Parallel processing infrastructure exists via the --instances flag on the HTTP server, spawning multiple inference instances to handle concurrent requests. However, benchmarks on Mac M2 show diminishing returns beyond two instances when running CPU-only. The 82M parameter count keeps single-instance throughput high enough that most deployments won’t saturate a modern CPU core. GPU acceleration isn’t yet exposed through the Rust bindings, though ONNX Runtime supports it in principle—this is where Python-based alternatives still hold an edge for batch processing workloads.

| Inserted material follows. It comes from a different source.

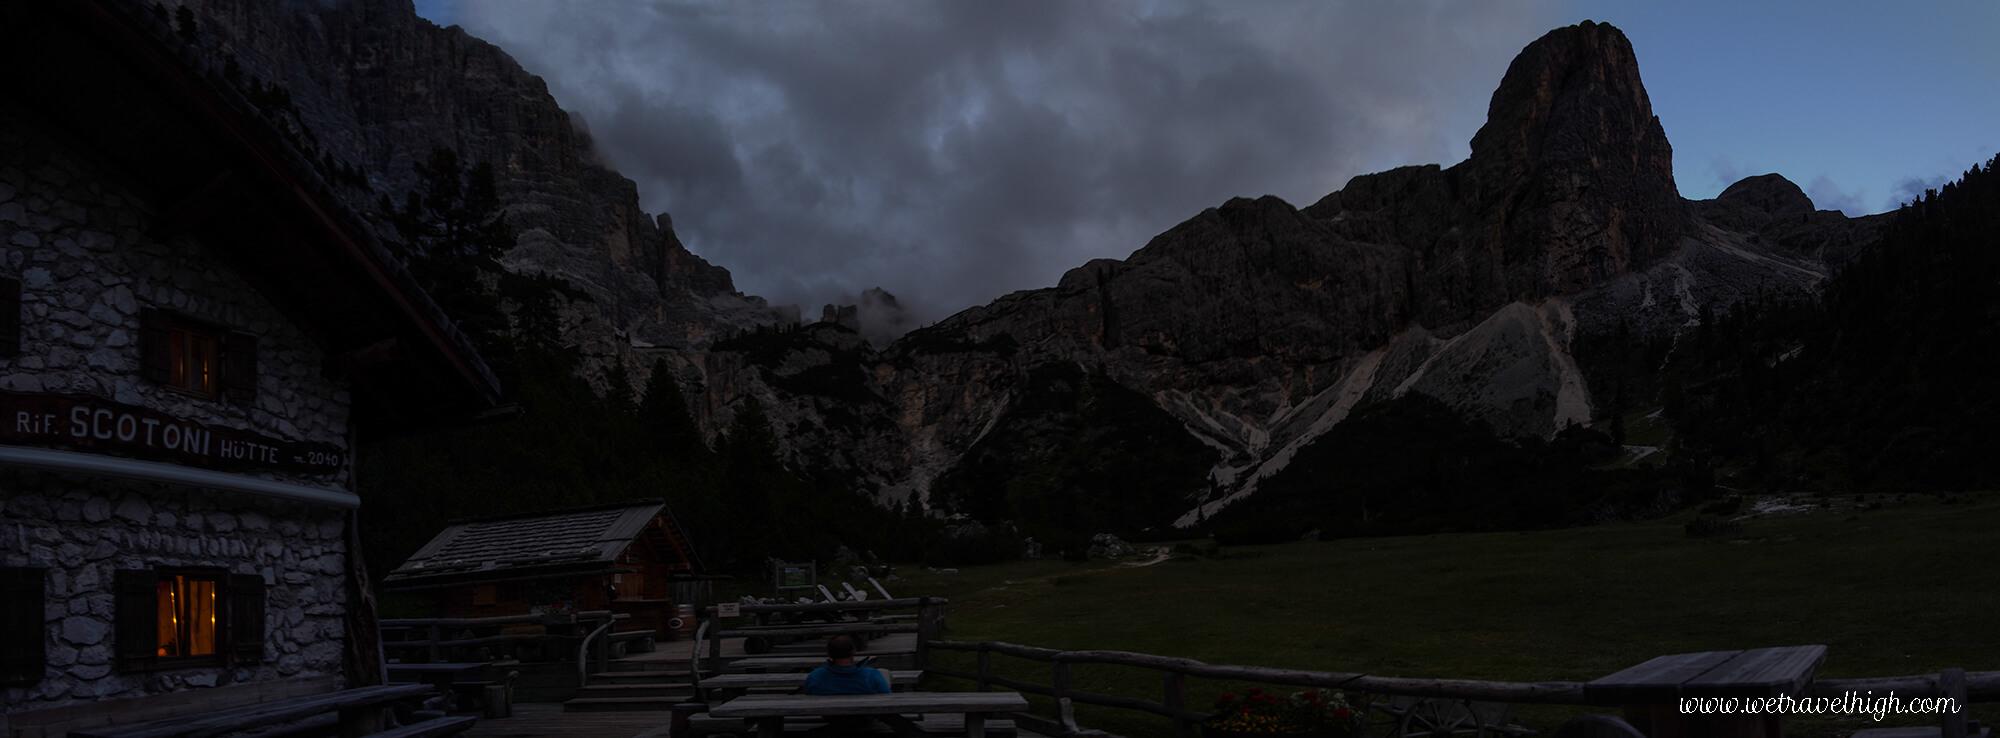 Panoramica notturna dal Rifugio Scotoni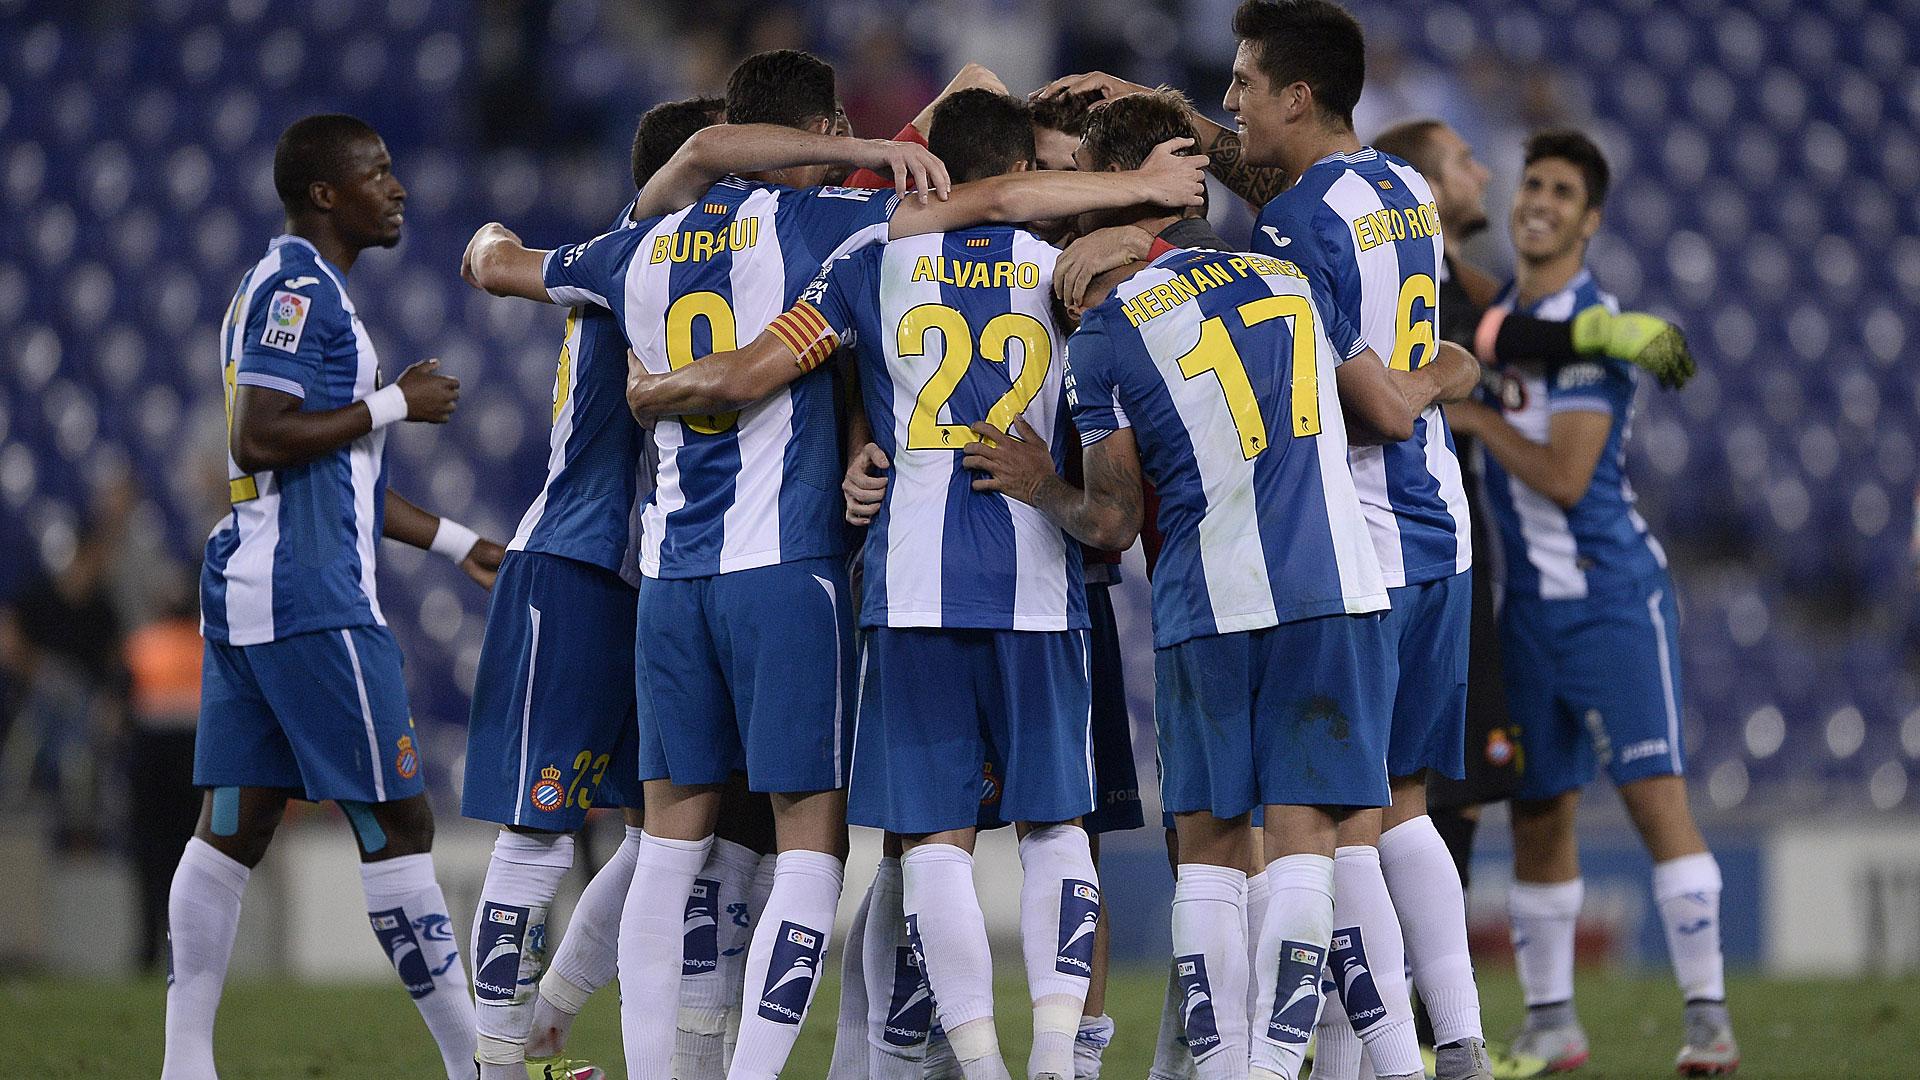 Video: Espanyol vs Levante

The codebase architecture separates concerns cleanly: phonemization logic is isolated in its own module, ONNX inference happens in a dedicated wrapper, and the HTTP server layer is OpenAI-protocol-aware but model-agnostic. This design makes it straightforward to swap in alternative models as they emerge—the roadmap mentions Zonos, Spark-TTS, and Orpheus-TTS integration, suggesting the maintainers view Kokoros as a general TTS runtime rather than a single-model implementation.
Gotcha
The multilingual story is weaker than the repository topics suggest. While English works impressively well, Chinese, Japanese, and German support is explicitly marked as “partly” in the README. The phonemizer was designed with English phonetics as the primary target, and extending it to handle non-Indo-European languages’ phonological systems is non-trivial. If you need production-grade Mandarin or Japanese synthesis, Coqui TTS or commercial options remain safer bets despite their performance overhead.
The project launched in January 2025, making it relatively new. The roadmap teasing Zonos, Spark-TTS, and Orpheus-TTS integration suggests active development but also hints at potential API instability. The OpenAI compatibility layer is marked as “still under polish” in the updates log, meaning breaking changes could arrive in minor version bumps. Early adopters should pin versions and expect to adjust integration code. Parallel processing shows promise but the benchmarks reveal CPU-bound limitations—scaling beyond two instances on M2 silicon yields minimal throughput gains, suggesting the current implementation doesn’t fully exploit modern multicore architectures. GPU inference support is conspicuously absent from the feature list, a significant gap for high-throughput batch processing where Python-based solutions can leverage CUDA or Metal acceleration.
Verdict
Use Kokoros if you’re building latency-sensitive applications in Rust where dependency minimization matters—embedded systems, CLI tools, or services that can’t tolerate Python runtime overhead. The self-contained phonemizer and 82M parameter efficiency make it ideal for edge deployment, and the OpenAI-compatible API provides a migration path from cloud TTS services. English voice quality punches well above its model size, and the streaming implementation’s sub-2-second latency enables real-time use cases that weren’t previously viable with open-source TTS. Skip it if you need battle-tested multilingual support beyond English, require GPU acceleration for batch processing, or can’t tolerate API churn in a young project. The partial Chinese/Japanese/German support isn’t ready for production, and organizations needing stability over bleeding-edge performance should stick with Coqui TTS or Piper despite their architectural trade-offs. Also pass if your infrastructure is Python-native anyway—the Rust rewrite’s benefits only materialize when the deployment environment makes dependency management painful.